Their wedding was one part Seattle, two parts New Orleans.
It began on July 4 with a small private religious ceremony led by Mr. Hess’s father on Vashon Island in Puget Sound. A select collection of cocktail luminaries attended. Some of them, including much of the staff of Seattle’s Rob Roy lounge, jumped behind the bar to execute a reproduction of the Pegu Club’s cocktail menu — modern classics like the Gin-Gin Mule and Old Cuban — as well as a couple of inventions by Mr. Hess.
But being members of a close-knit, sybaritic community that will give a party at the drop of a Champagne coupe, the couple couldn’t stop at that. They wanted a second public wedding — an unannounced event at this year’s Tales of the Cocktail that all their colleagues — bartenders, bar owners, distillers — could witness. They chose a post-midnight event on July 23, euphemistically called the “bartender’s breakfast,” held this year at the grand, high-ceilinged New Orleans Board of Trade. The party traditionally closes out the convention.

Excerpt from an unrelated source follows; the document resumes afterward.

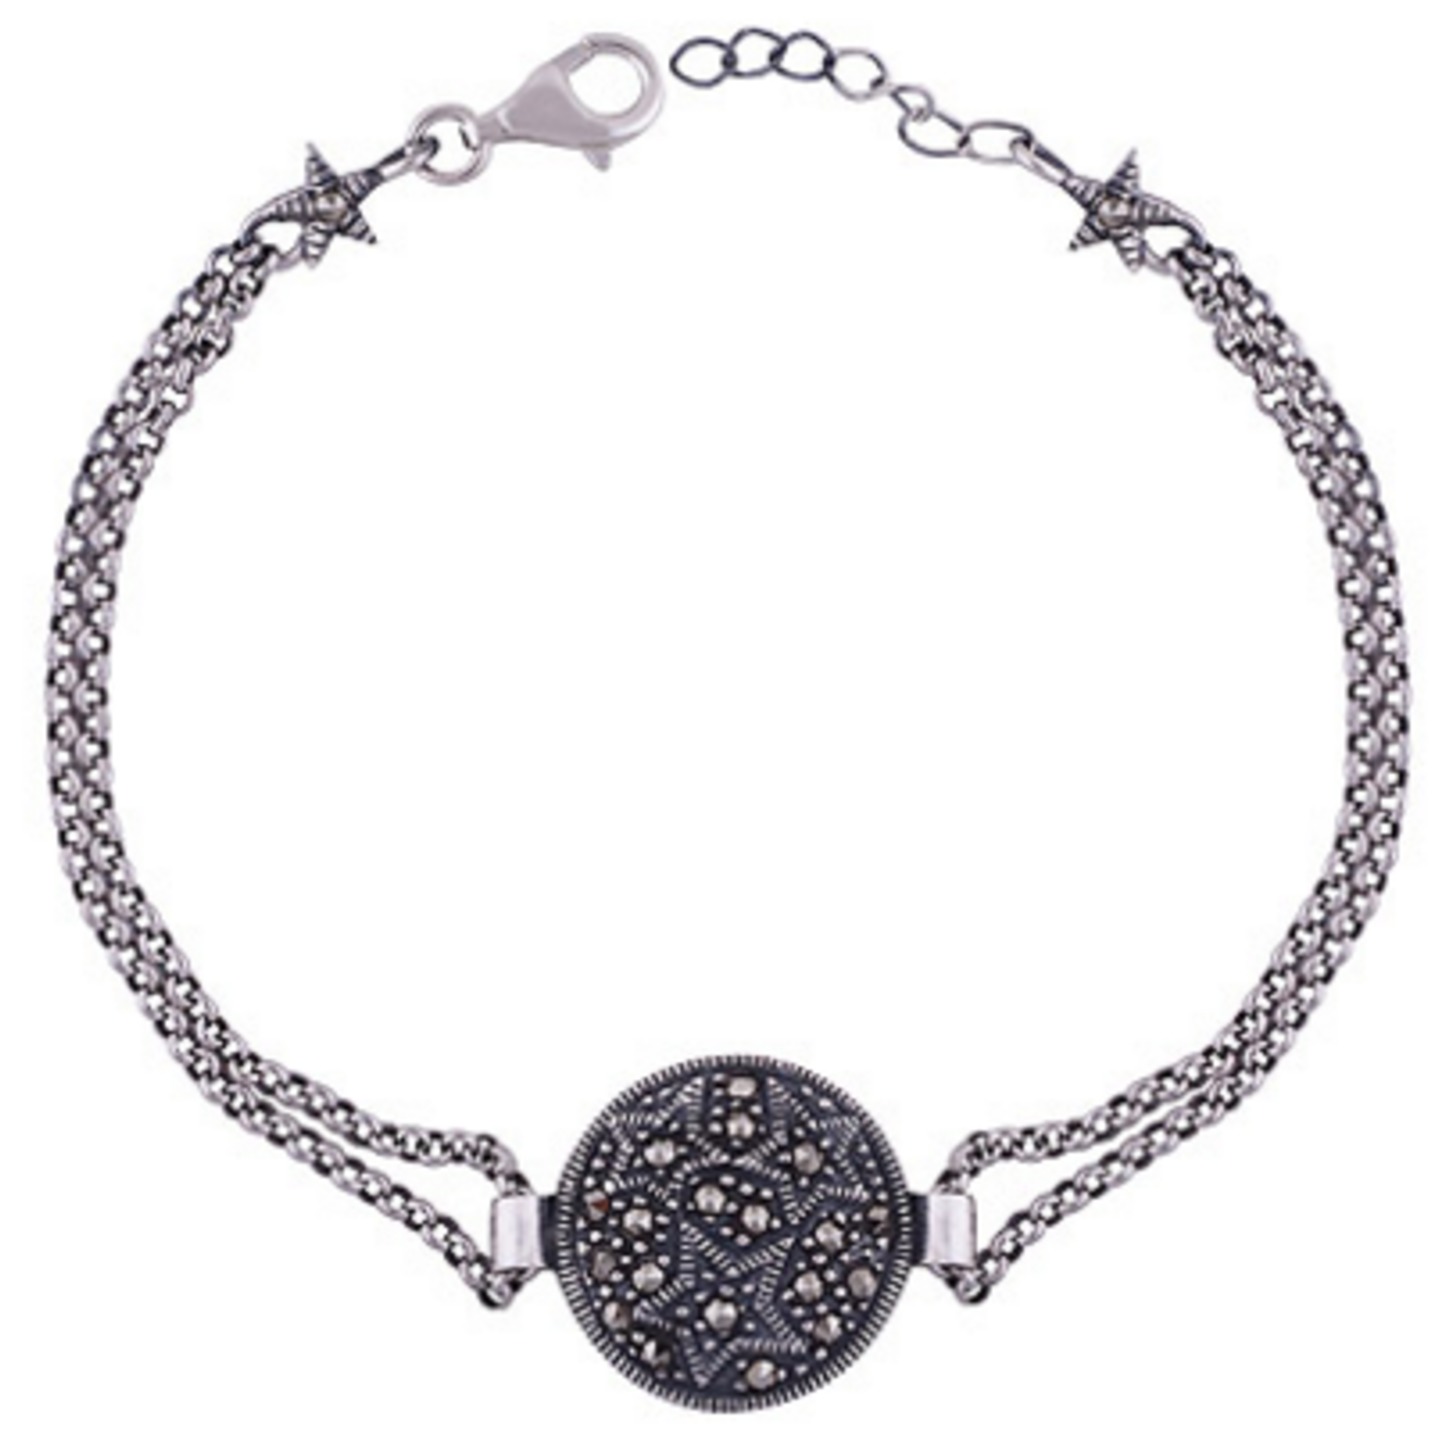 The Marcasite Silver Bracelet

“We basically turned it into the wedding reception,” said Mr. Hess of the well-lubricated ’70s-themed soiree. The bride, in a loose white, flowered dress, and the bridegroom, in a powder-blue tuxedo and white platform shoes, were led into the room by a brass band playing “What a Wonderful World.” The couple then danced their way through the roughly 1,000 revelers to a platform directly behind a long, glowing bar staffed by star mixologists from New York, Boston, San Francisco and elsewhere.
The couple read their vows; the crowd cheered; the bartenders continued to mix drinks.
Meanwhile, partygoers jumped in the courtyard fountain and accepted shots funneled through a giant ice sculpture. “See,” Ms. Saunders said, with a gesture that encompassed the surrounding donnybrook. “This is why I wanted a wedding here.”